Data>
━━━━━━

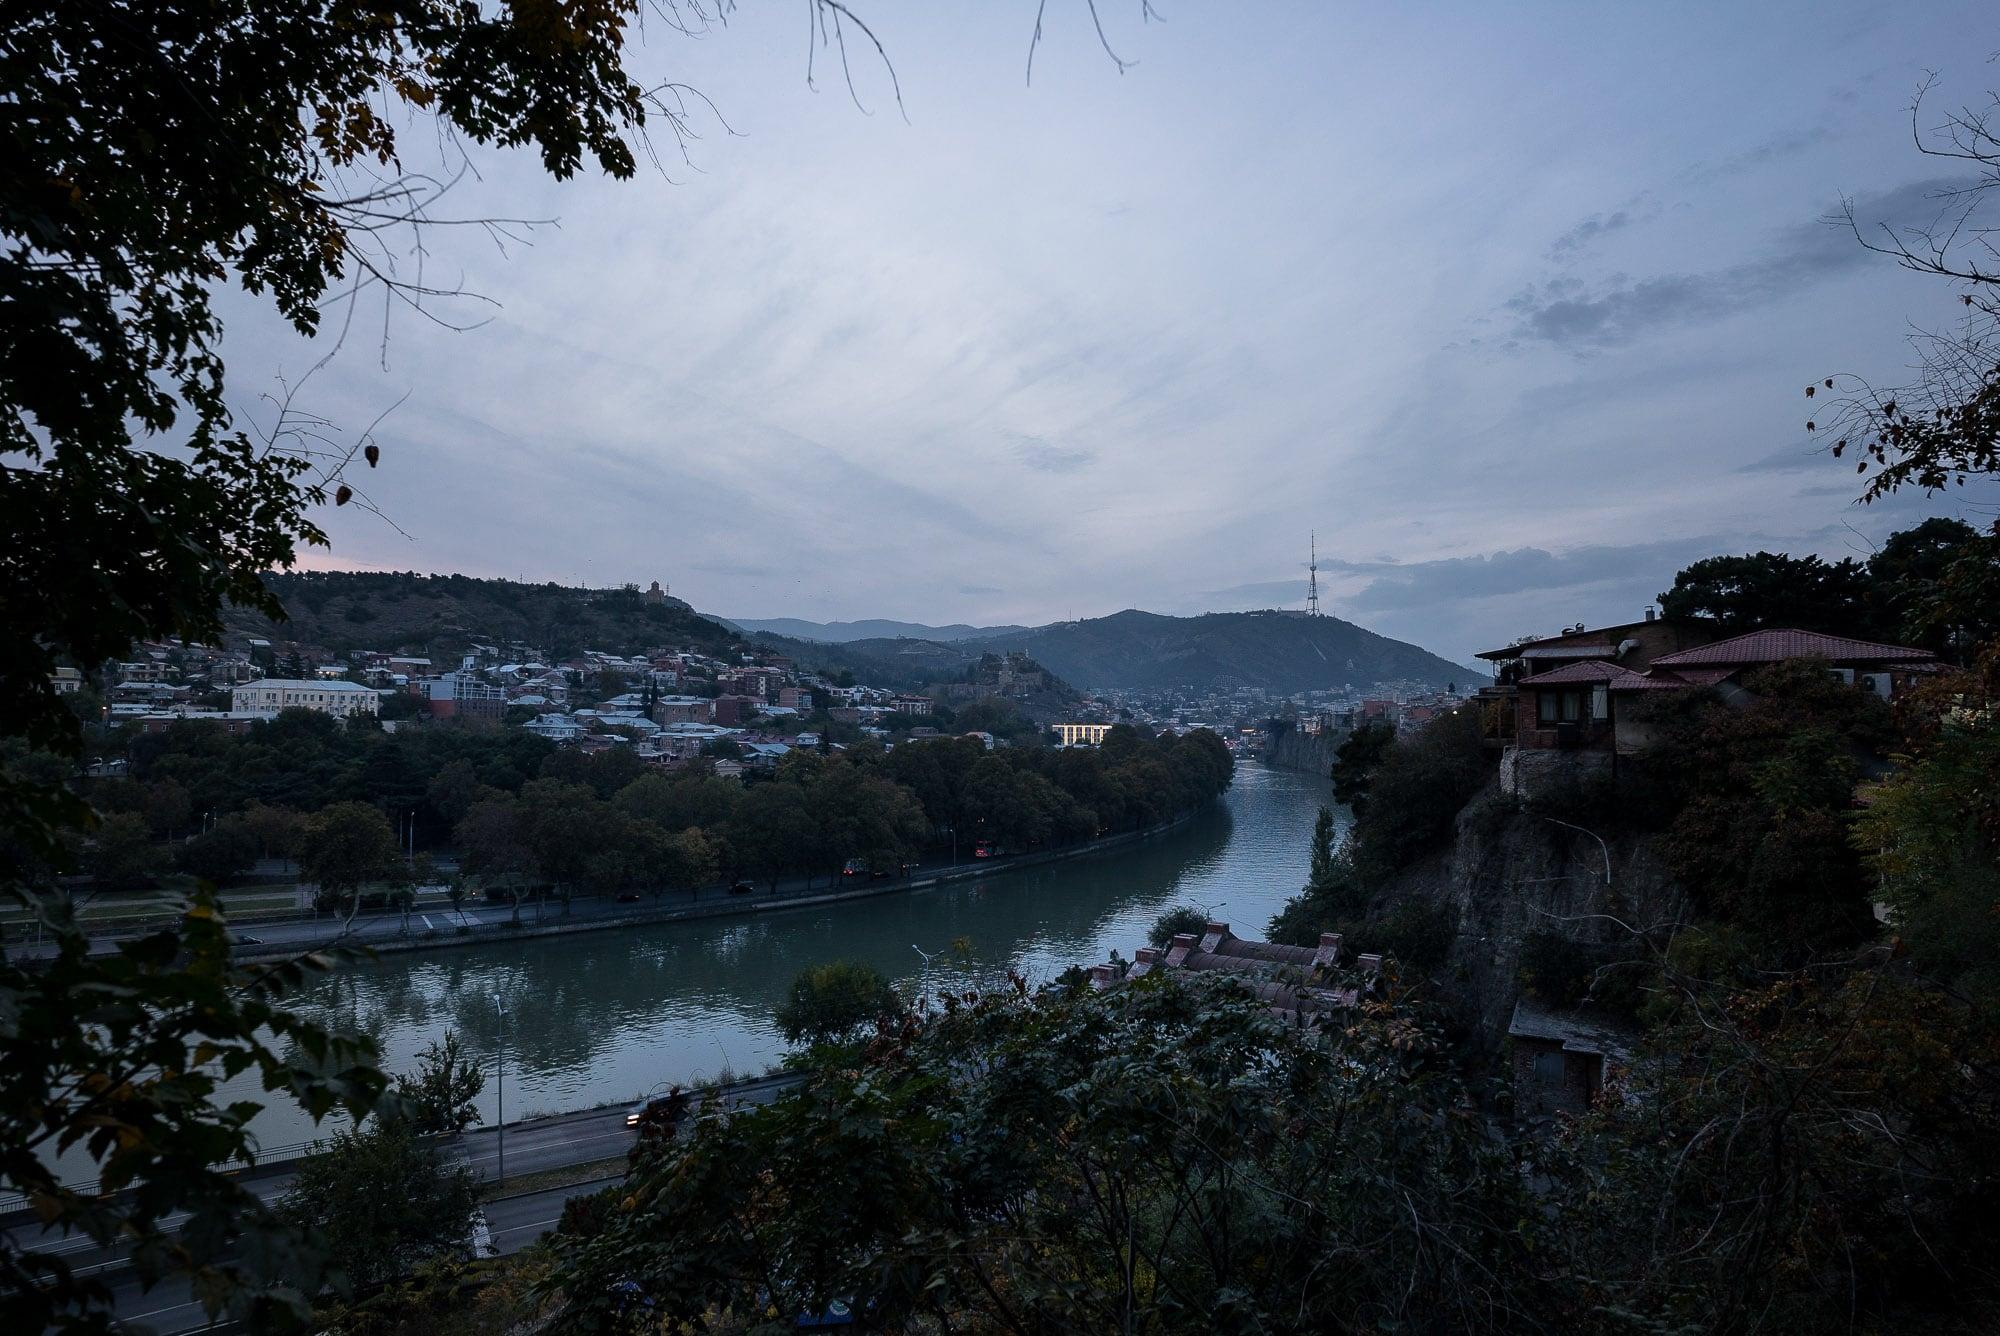 Tbilisi at dusk
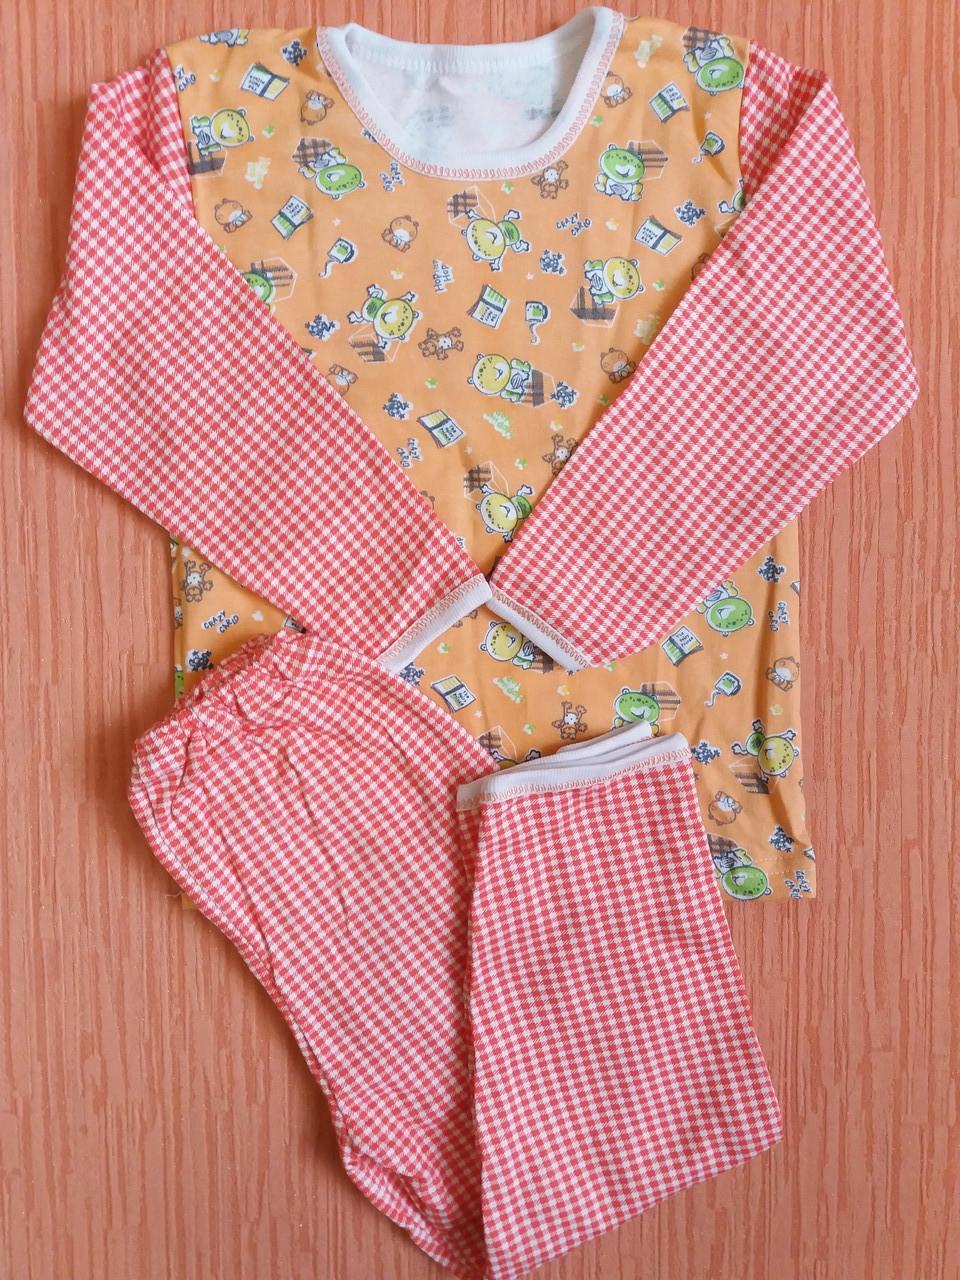 Пижамы детские на байке хлопок Украина. Размер 28.От 4шт по 62грн
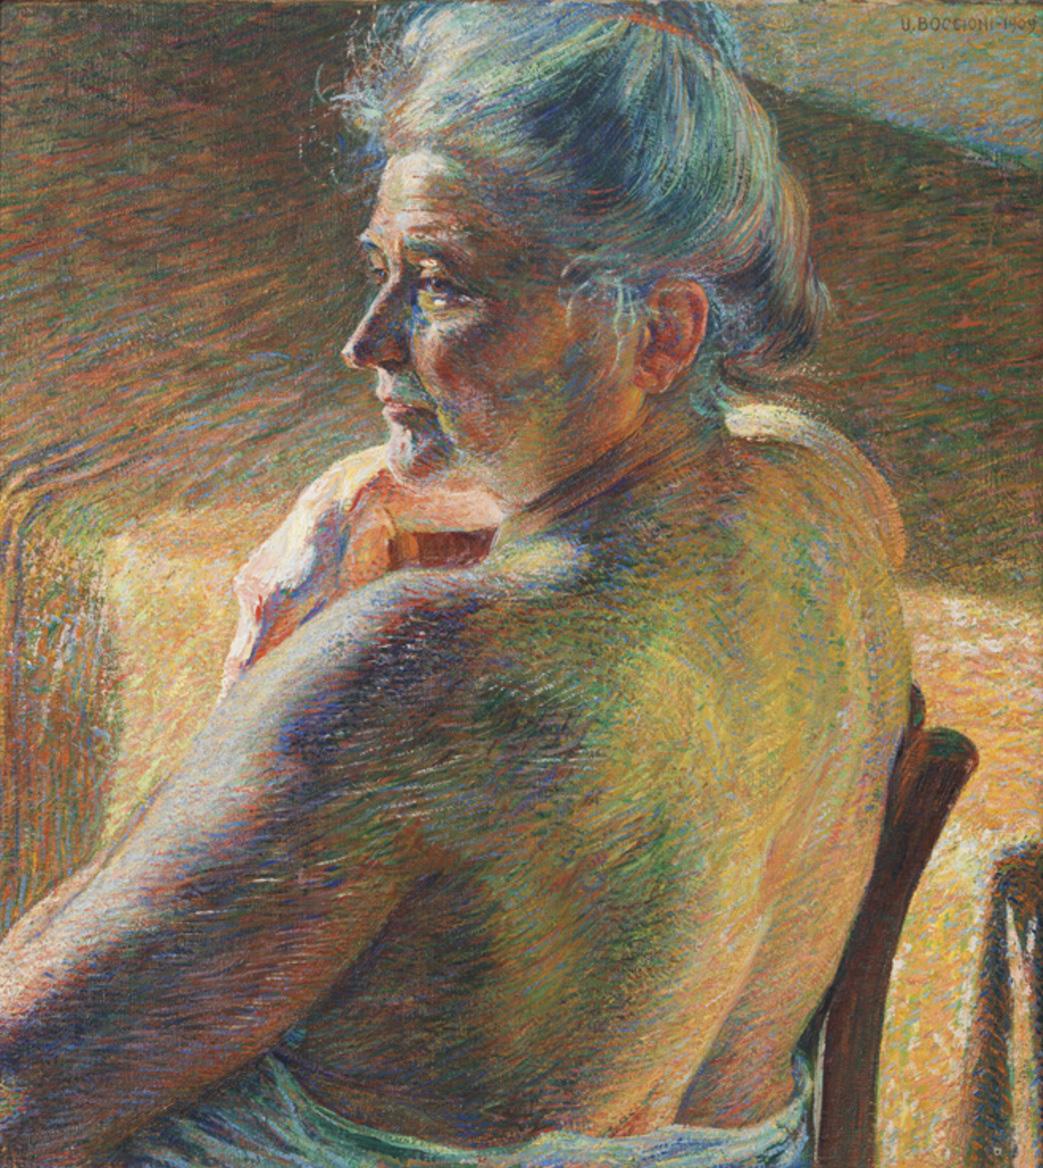 """Umberto Boccioni, """"Nudo di spalle (Controluce)"""", 1909, olio su tela, Mart, Collezione L.F"""
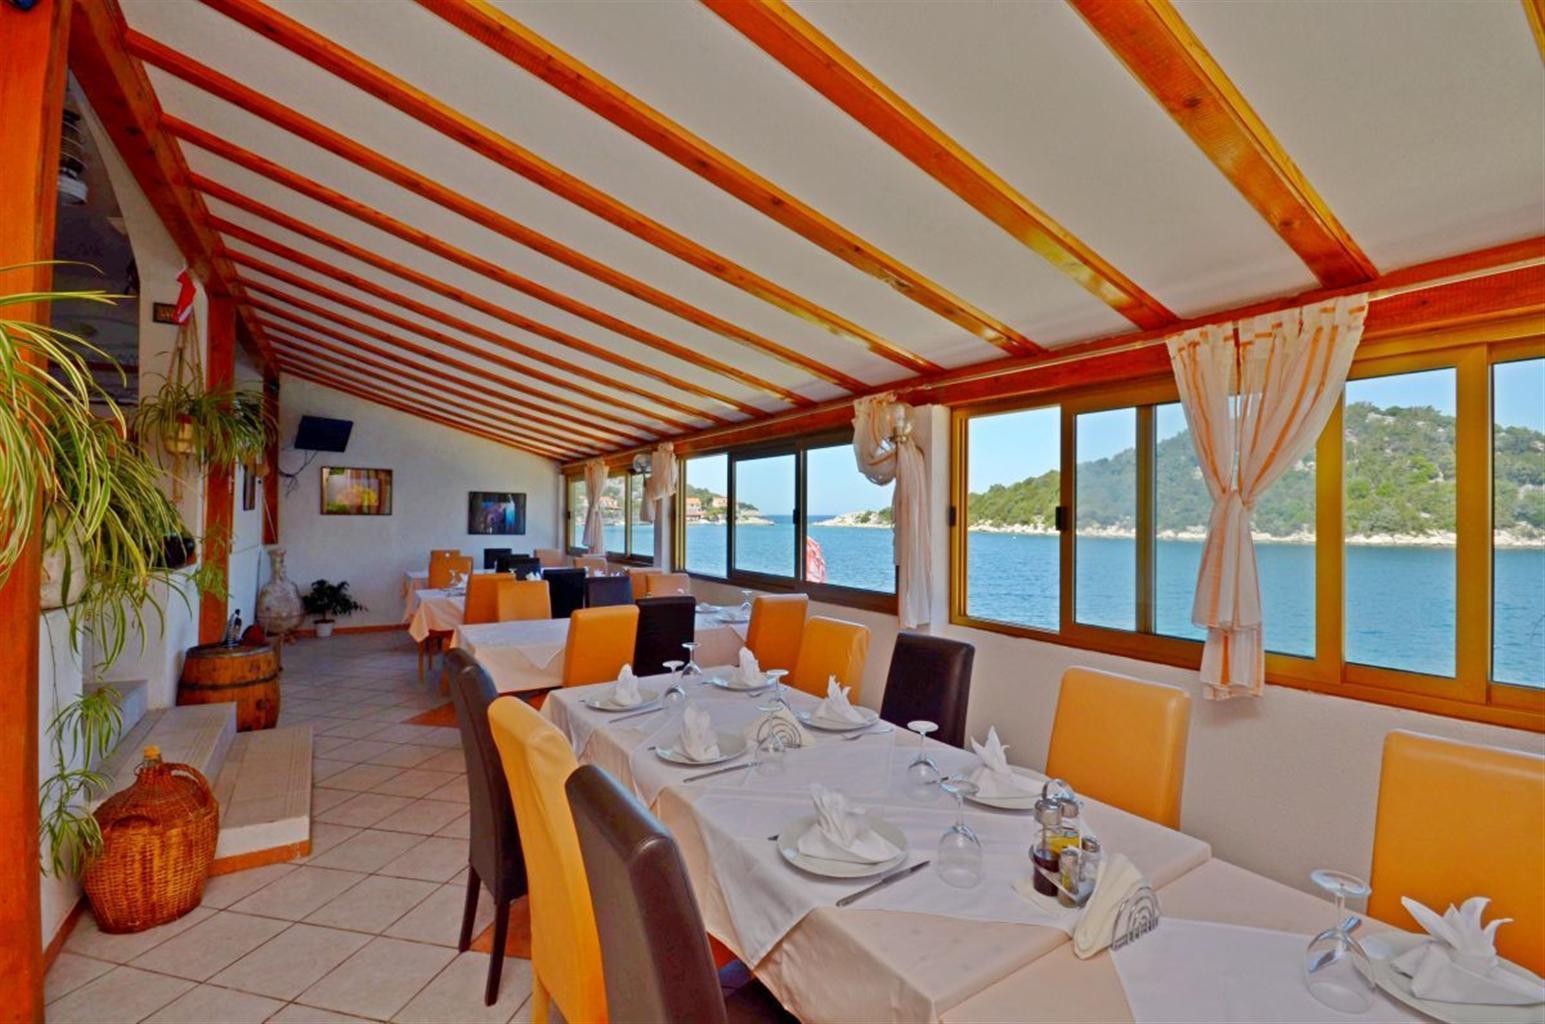 Ferienwohnung Ferienwohnungen und Zimmer Barbara 53781-A4 (1560905), Lastovo, Insel Lastovo, Dalmatien, Kroatien, Bild 9

━━━━━━

Pictures aside, reproduce exactly the lines from the one containing "1909, olio su" to the end of the listing above, both ends included.

 """Umberto Boccioni, """"Nudo di spalle (Controluce)"""", 1909, olio su tela, Mart, Collezione L.F"""
 Ferienwohnung Ferienwohnungen und Zimmer Barbara 53781-A4 (1560905), Lastovo, Insel Lastovo, Dalmatien, Kroatien, Bild 9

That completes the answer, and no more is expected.